Finally note that the `robust` and `trend` parameters are parameters for the 
`eBayes` function in `r BiocStyle::Biocpkg("limma")`. When `robust = TRUE`, 
robust empirical Bayes shrinkage of the variances is performed which mitigates 
the effects of outlying observations. We set `trend = FALSE` as we don't expect 
a mean-variance trend after performing our variance stabilising transformation. 
There may also be an error when `trend` is set to TRUE because there are often 
not enough data points to estimate the trend.

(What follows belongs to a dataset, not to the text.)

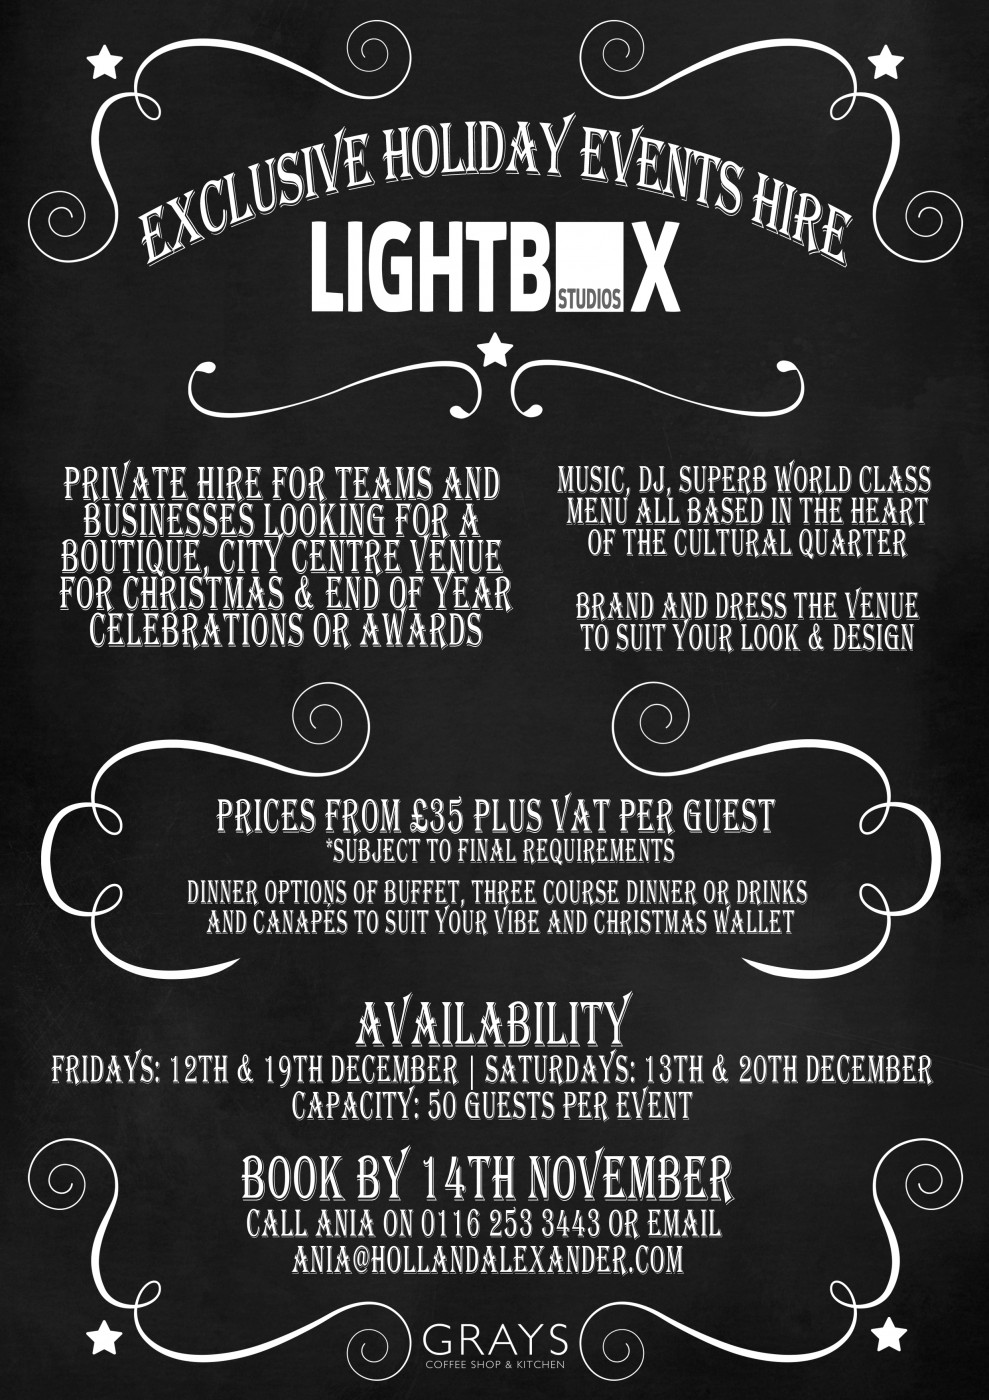 Lightbox Studios Exclusive Holiday Events Hire JPEG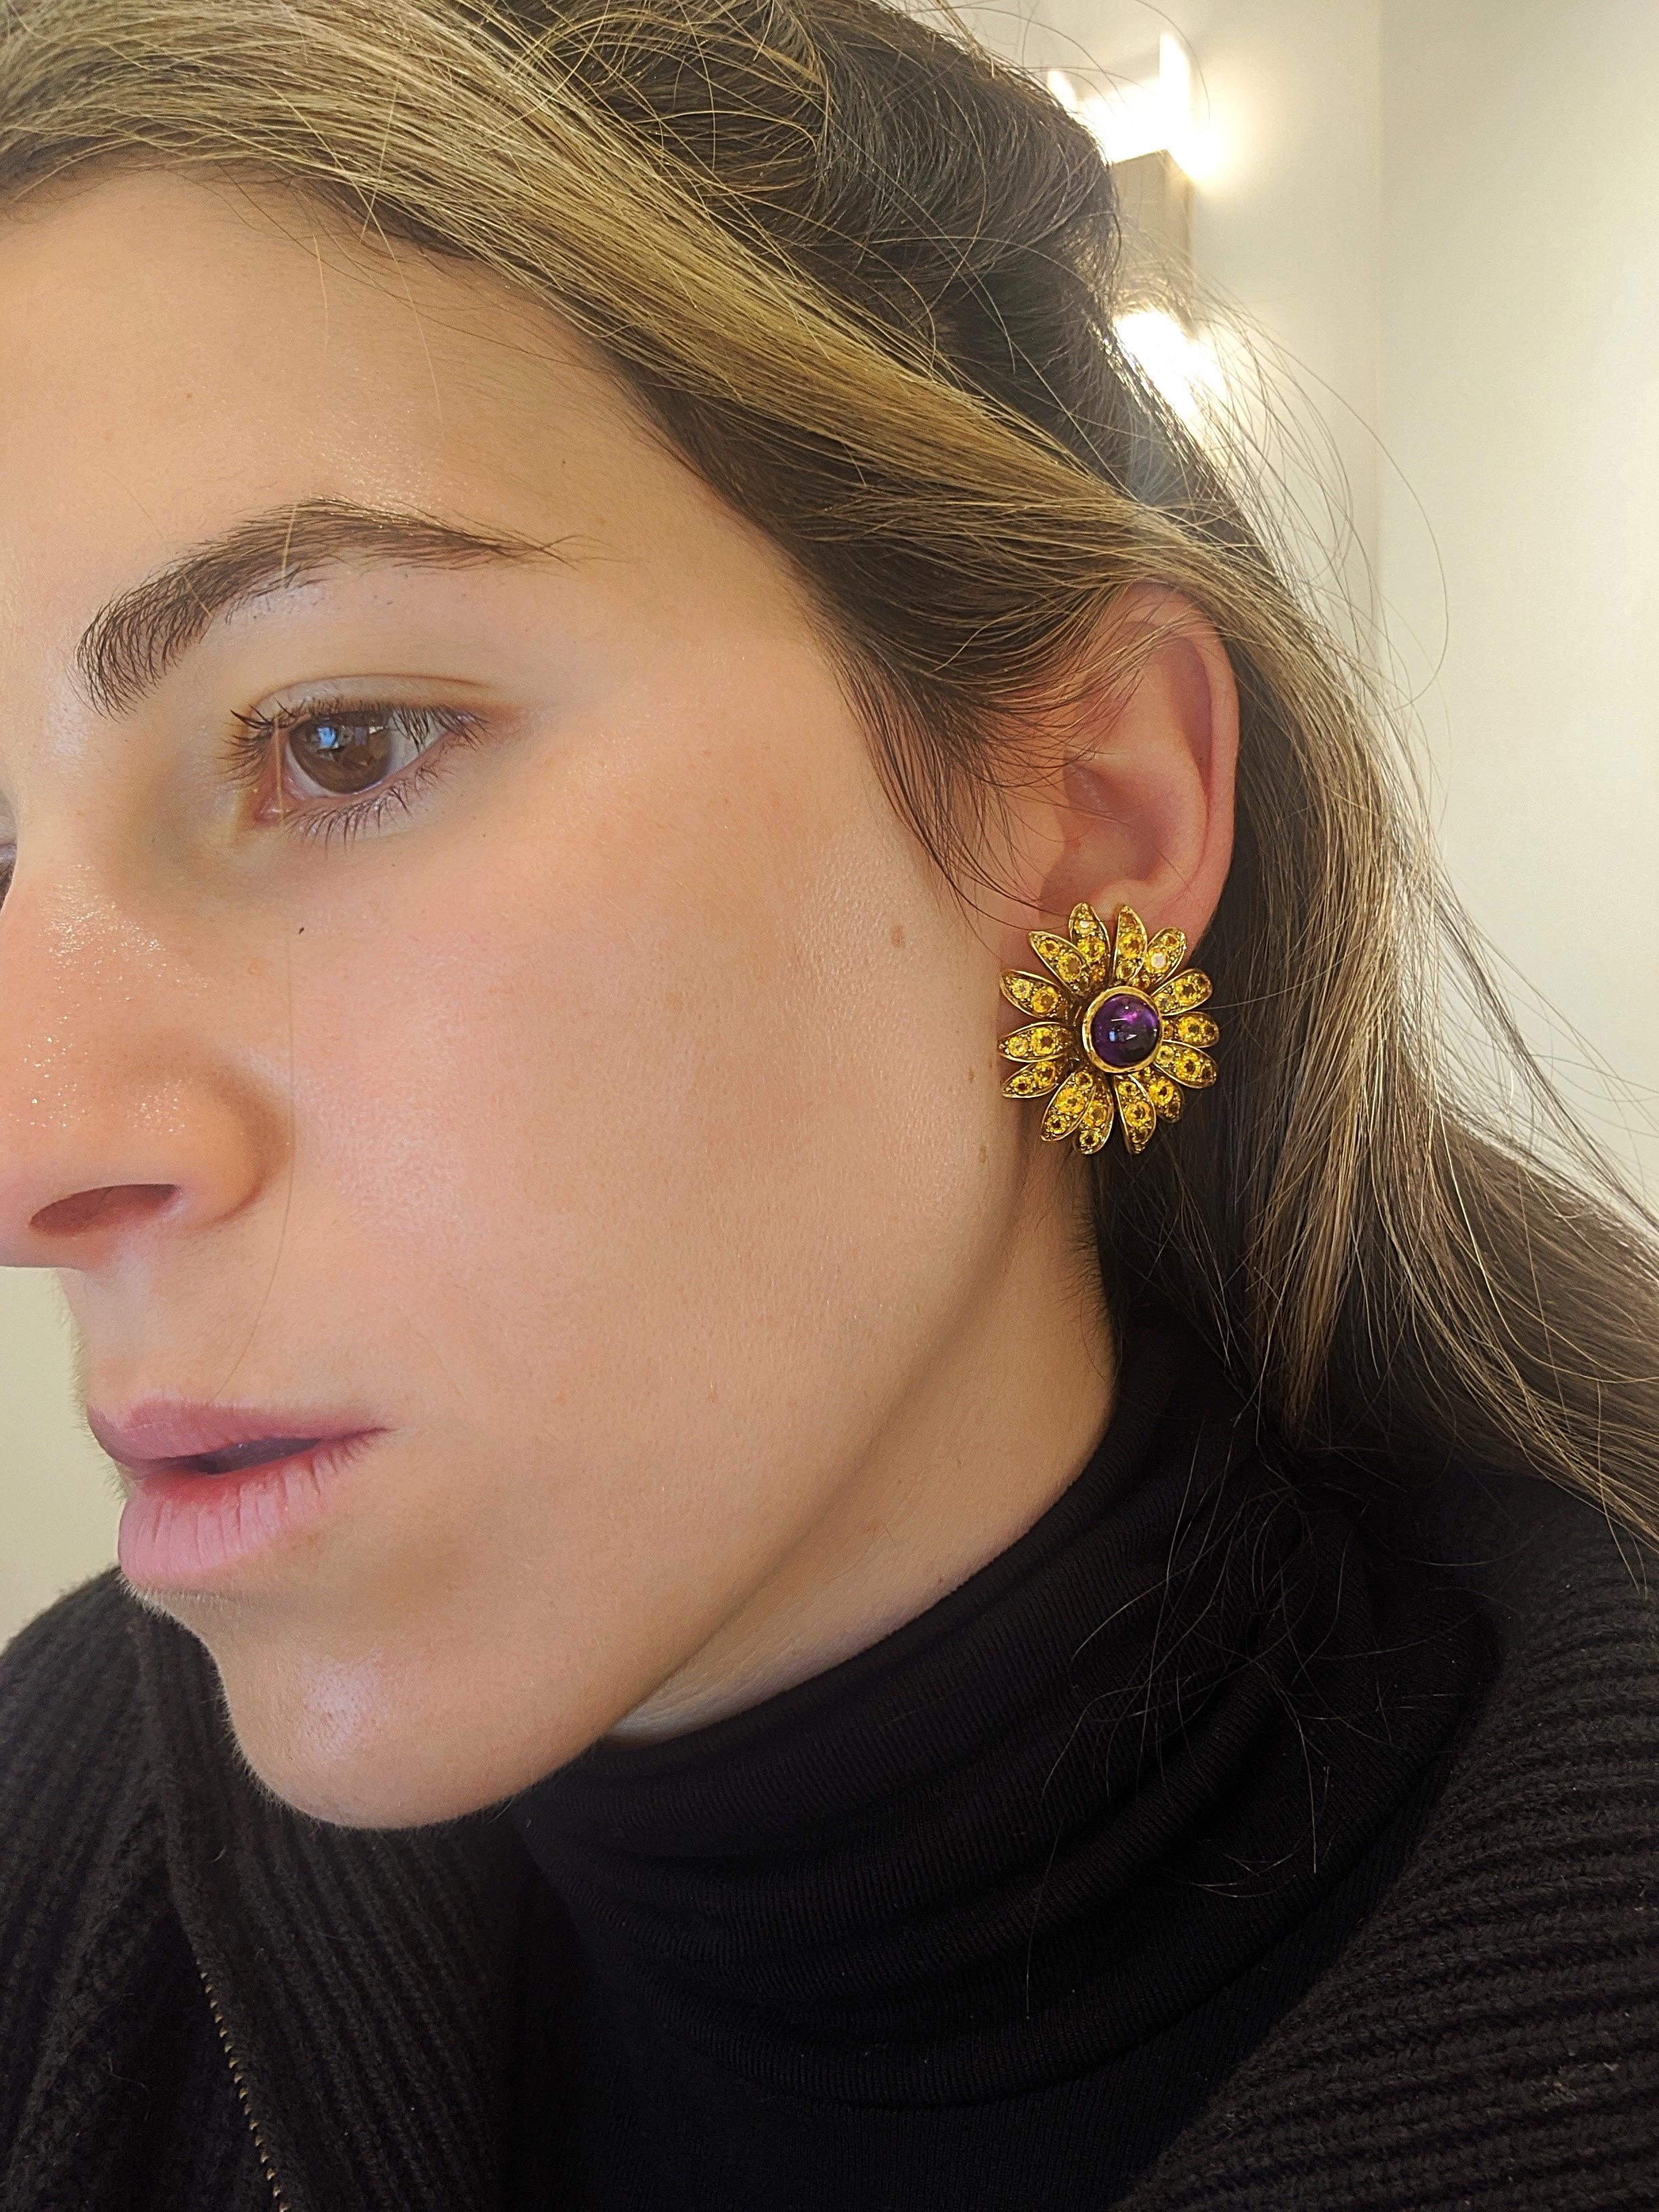 Jean Vitau 18 Karat Yellow Gold Sunflower Earrings Yellow Sapphires and Amethyst In New Condition For Sale In New York, NY

# More complex (or just different) experimental designs

## Fitting a continuous variable rather than groups

Let us assume that we expect that the different technologies have a meaningful 
ordering to them, and we would like to find the cell types that are increasing 
or decreasing along this trend. In more complex scenarios beyond group 
comparisons I would recommend taking the transformed proportions from the 
`getTransformedProps` function and using the linear model fitting functions 
from the `r BiocStyle::Biocpkg("limma")` package directly.

Let us assume that the ordering of the technologies is 10x->celseq->dropseq. 
Then we can recode them 1, 2, 3 and treat the technologies as a
continuous variable. Obviously this scenario doesn't make much sense 
biologically, but we will continue for demonstration purposes.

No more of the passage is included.